It was a sad day in paradise
The day that sin came into life.
Adam and Eve failed to obey
And now were punished and as they
Now contemplate
All that God had said of late
They remembered words of joy
A prophecy of a baby boy.
“Did God not foretell,” Eve said aloud
“In cursing that serpent, how
One would someday restore
Sinners to their gracious Lord?”
“He did indeed, my lovely wife,
Say such a thing of great delight.
That a savior would one day come
And crush the head of this evil one.
But I recall one other thing
That our God spoke in this cursing.
That this savior who would crush the skull
Of this serpent, would be struck also.”
“Yes I recall,” she said with a tear,
“That the heel of the child will bear
The bite of the snake that I should receive.
God has put it on another and me He relieves.”

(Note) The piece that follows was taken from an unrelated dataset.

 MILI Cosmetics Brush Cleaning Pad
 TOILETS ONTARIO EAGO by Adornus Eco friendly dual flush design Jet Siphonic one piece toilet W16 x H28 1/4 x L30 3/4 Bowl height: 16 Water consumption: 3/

And so the two sat in deep thought
But we know what this prophecy taught.
That Jesus was the child here described,
Who was born of a virgin, lived, and died.
He is the one who crushed Satan’s head
By His death and resurrection. And bled
To cover over a multitude of sins.
And now as this time of the year begins
We celebrate the birth of this one
Who came as a virgin’s son.

Ahaz and the Sign from God- Isaiah 7
-The Second Sunday in Advent-

During the reign of Ahaz, who was king
Of Judah, Isaiah said this thing
That brought hope to all who heard
This prophetic word
Declaring the coming defender
Who would reign forever.
He would abolish the trappings of war
Israel’s shield and defender and more.
His birth was prophesied.
Earlier Isaiah cried
“His name shall be Immanuel
God with us,” he did foretell.
“What to do, what to do?” Ahaz said with worry.
“Syria and Ephraim come to attack with furry,
What are we to do?” The king was pale and scared.
But God told Isaiah that Judah would be spared.
And so the prophet went to console the King’s great fear
But the king was mighty stubborn and would not even hear.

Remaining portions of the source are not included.